- **WHAT THE TASK REQUIRES**
From the listing below, give again exactly the lines from the line with "Verkaufsstellen-Plakat der Restseller-Shops" to the line with "Backpack Michael Kors, Size Medium", ends included, without any pictures.

BEGIN DATA FOR THE TASK

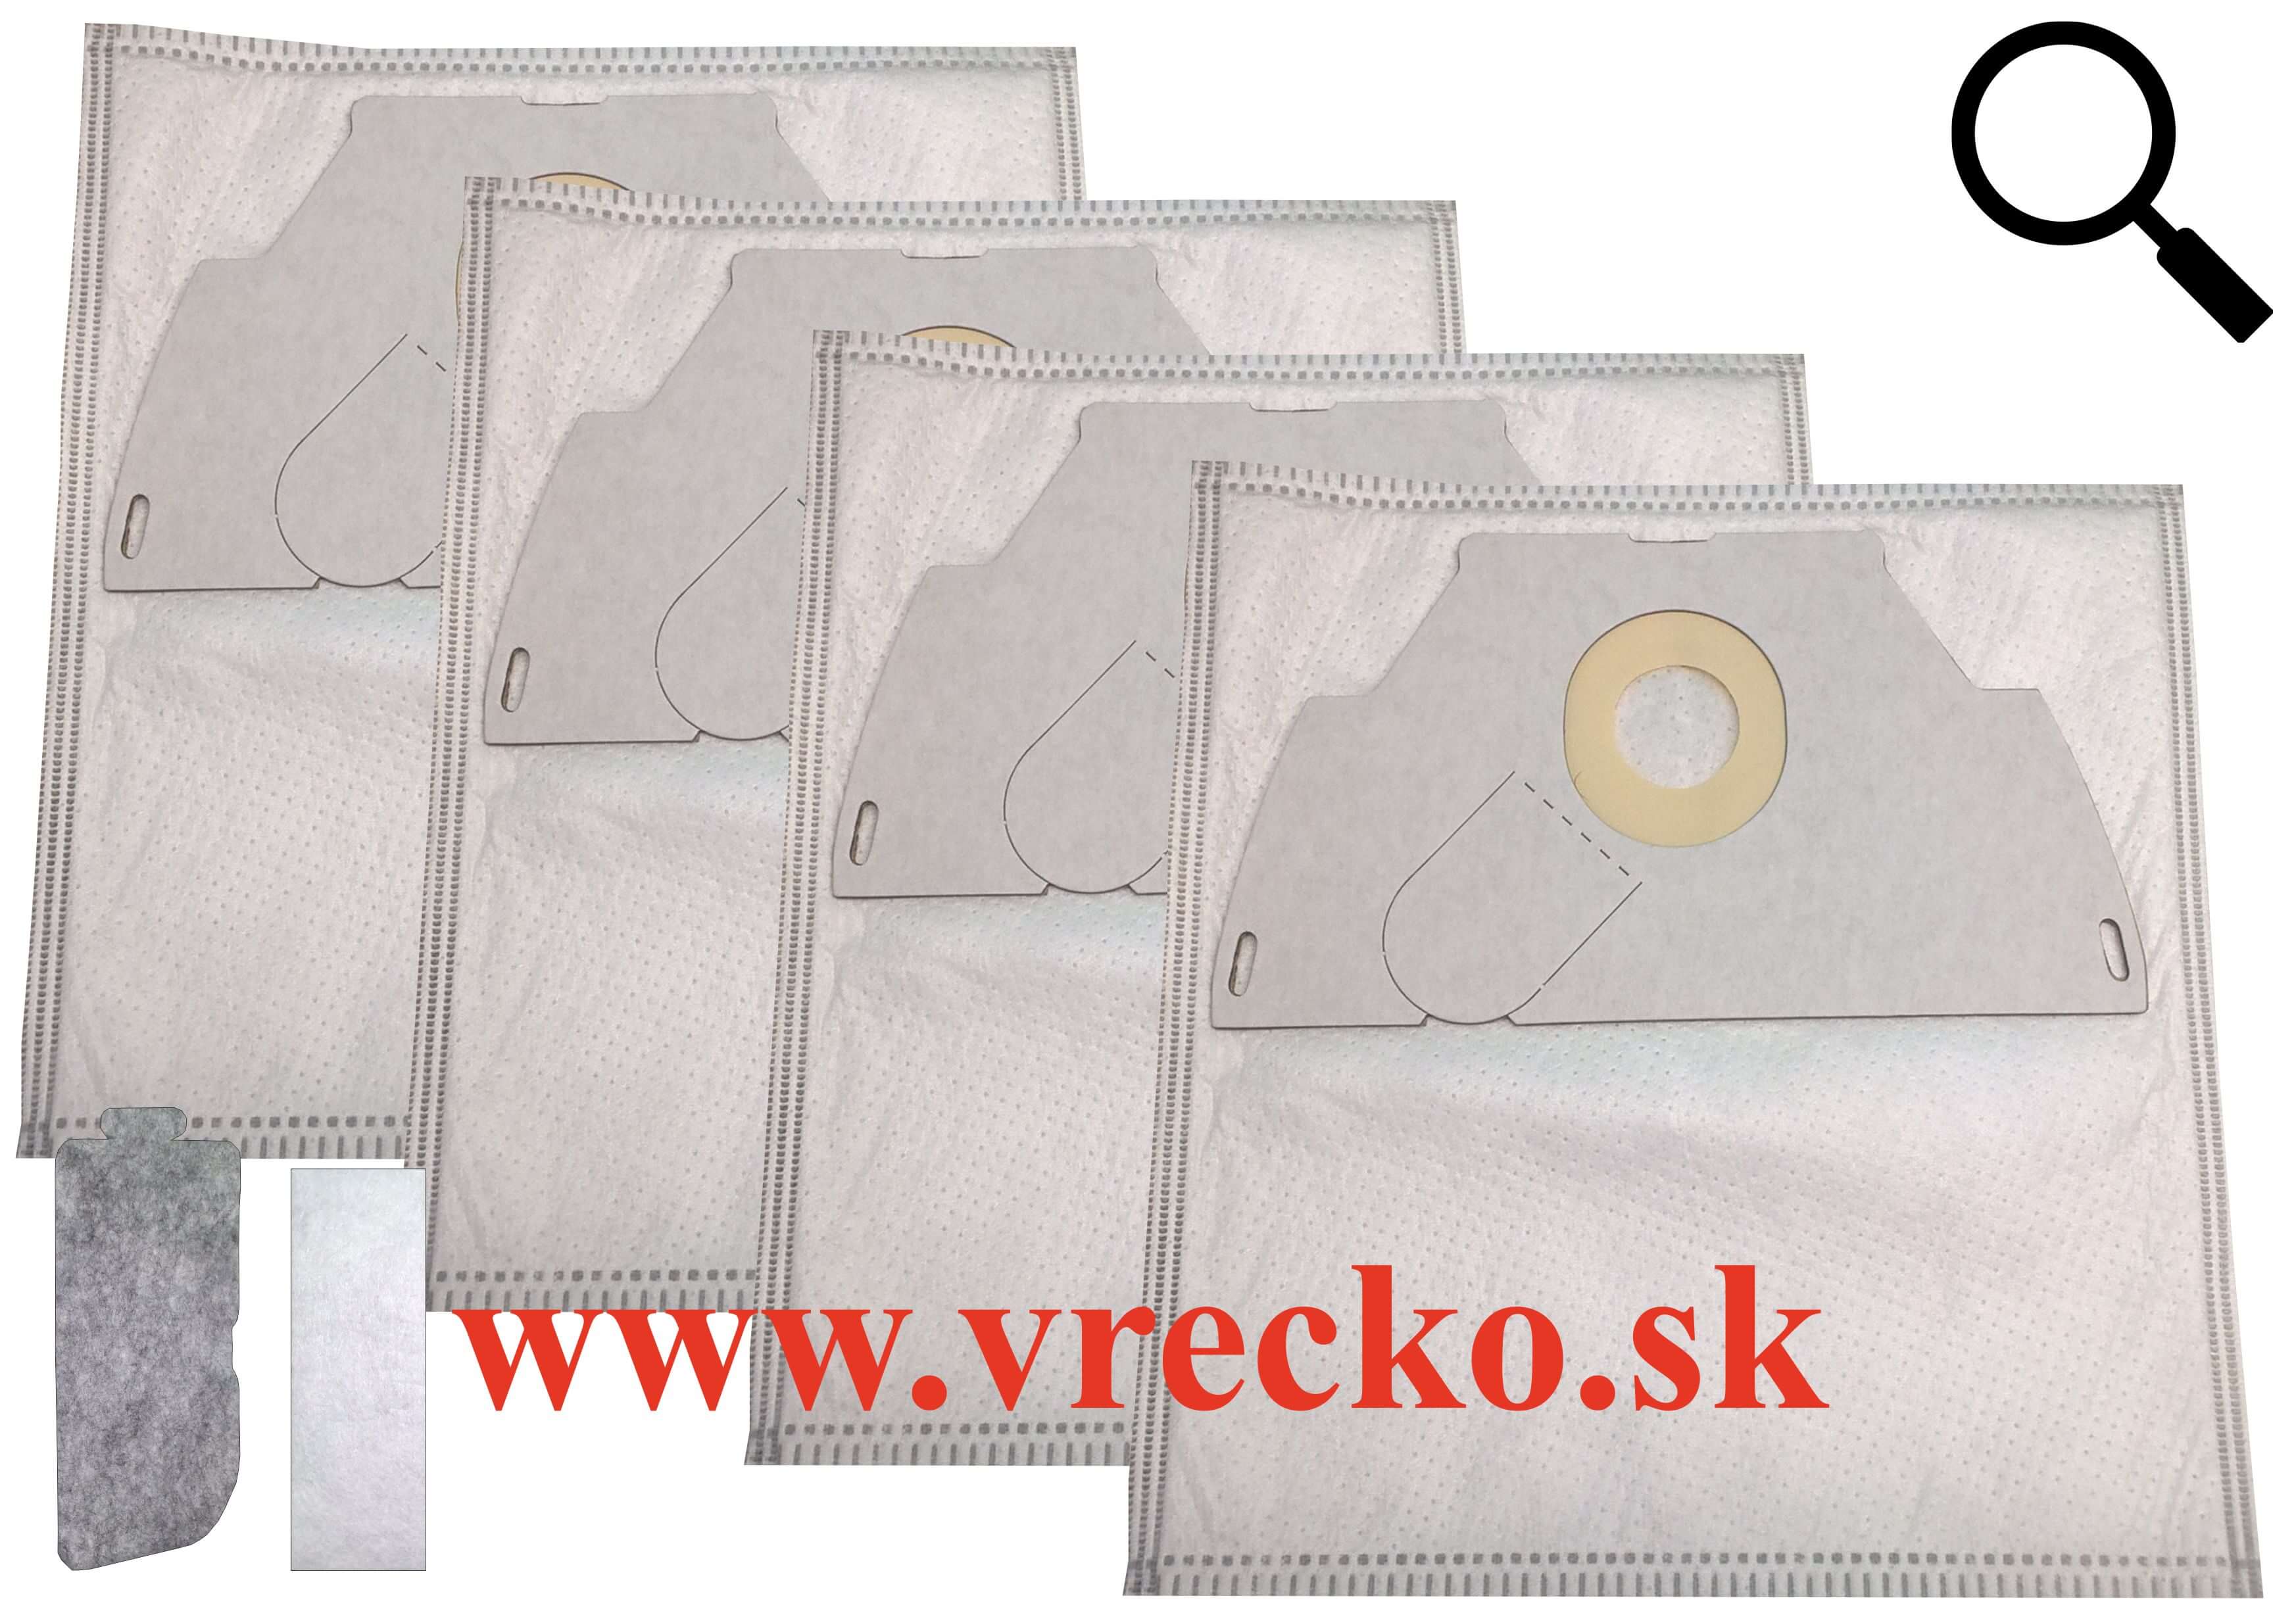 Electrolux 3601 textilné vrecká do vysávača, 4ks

END DATA FOR THE TASK
BEGIN DATA FOR THE TASK

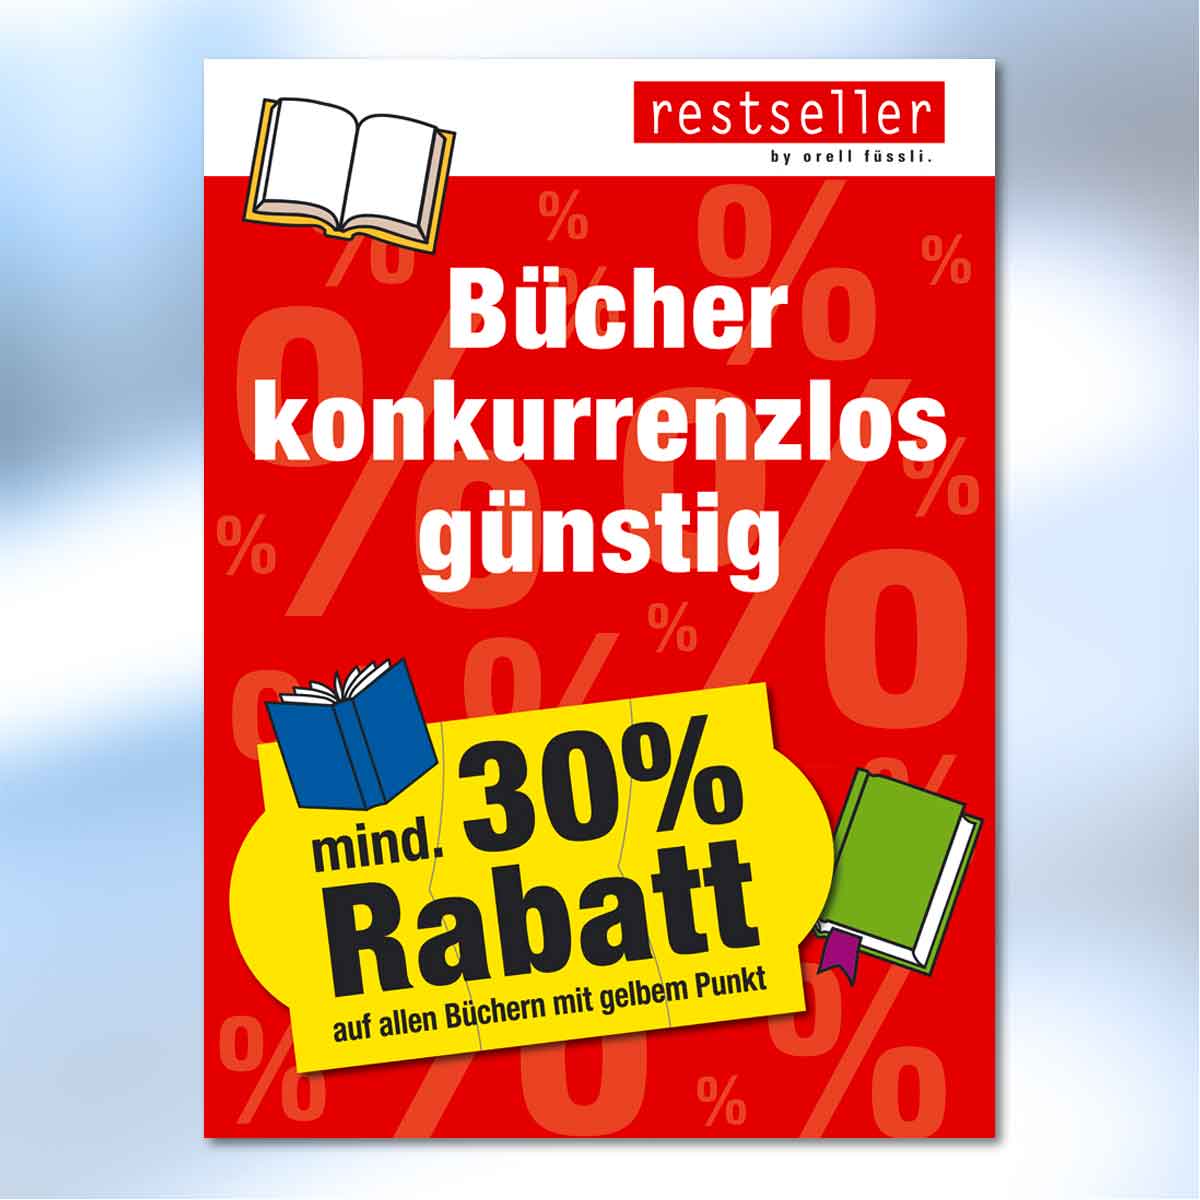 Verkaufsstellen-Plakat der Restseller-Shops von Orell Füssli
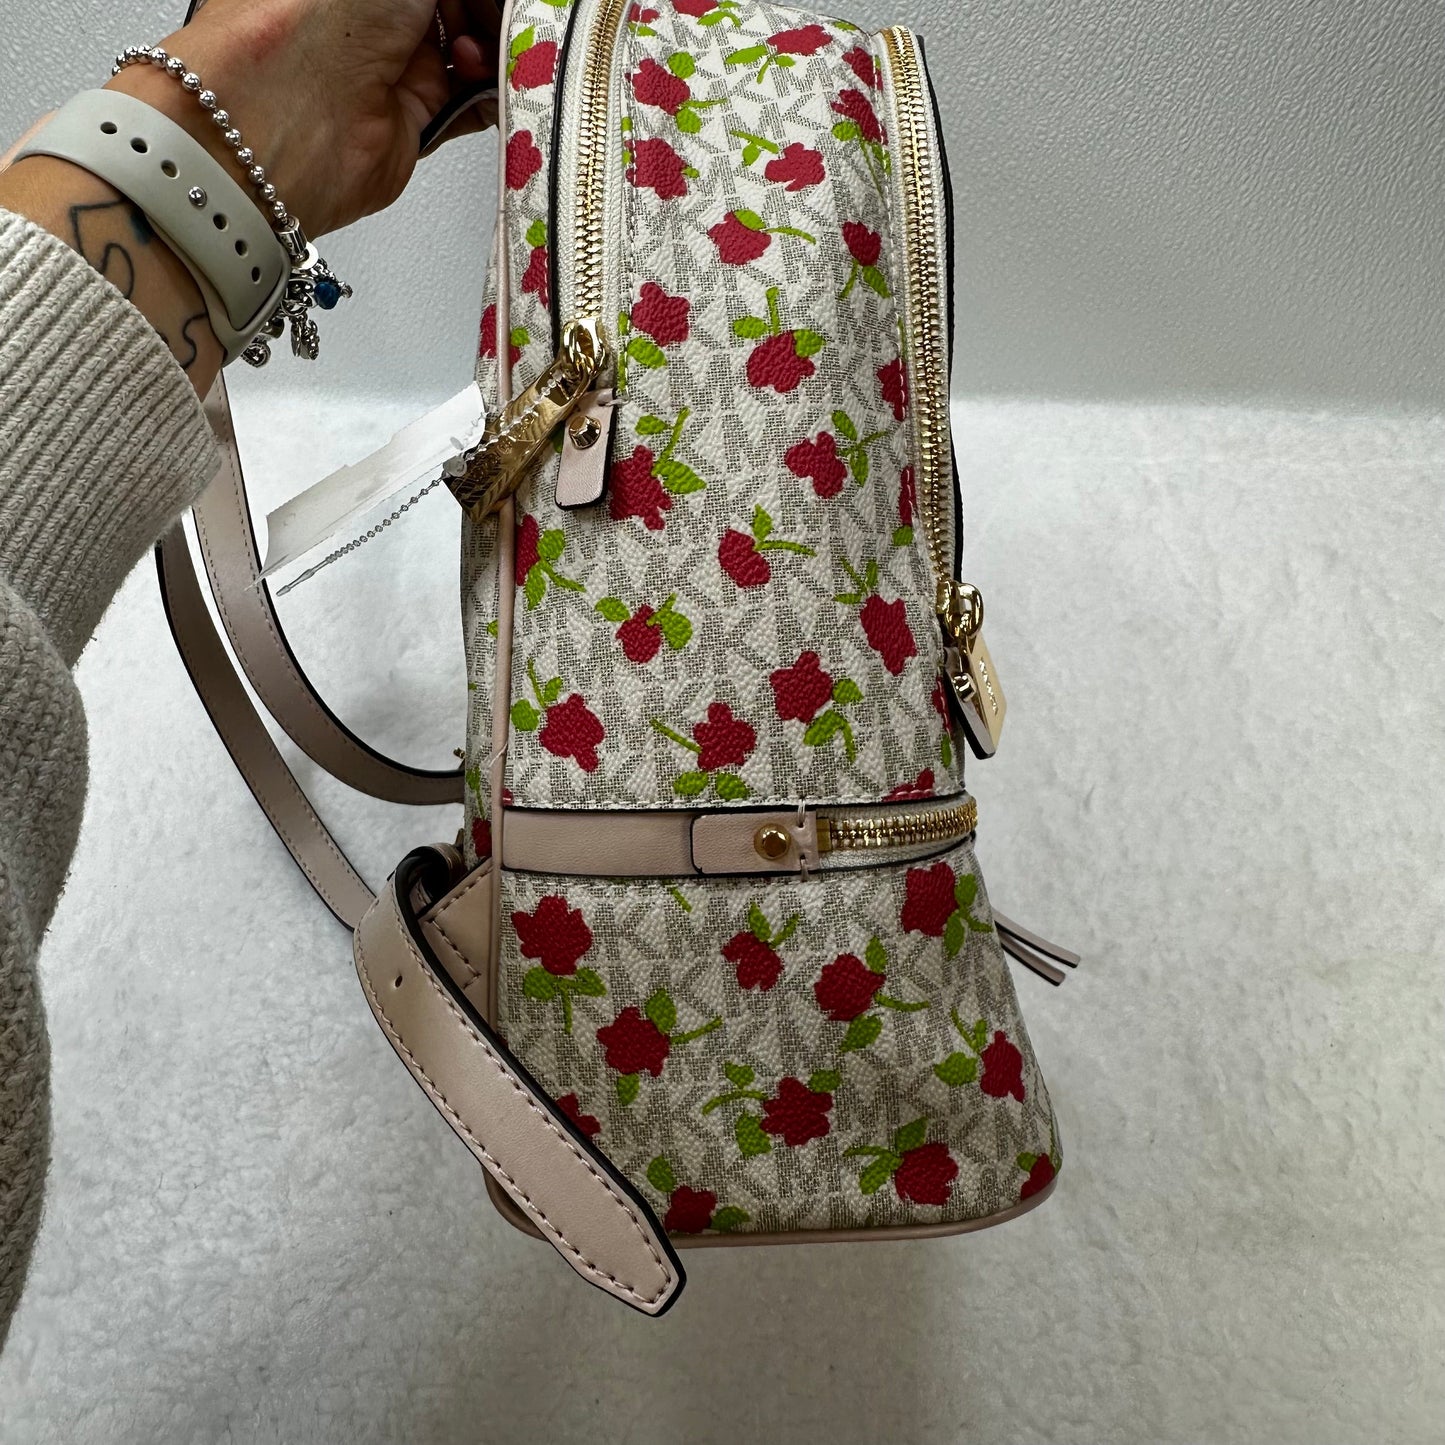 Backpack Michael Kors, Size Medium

END DATA FOR THE TASK

- **EXPECTED OUTPUT**
 Verkaufsstellen-Plakat der Restseller-Shops von Orell Füssli
 Backpack Michael Kors, Size Medium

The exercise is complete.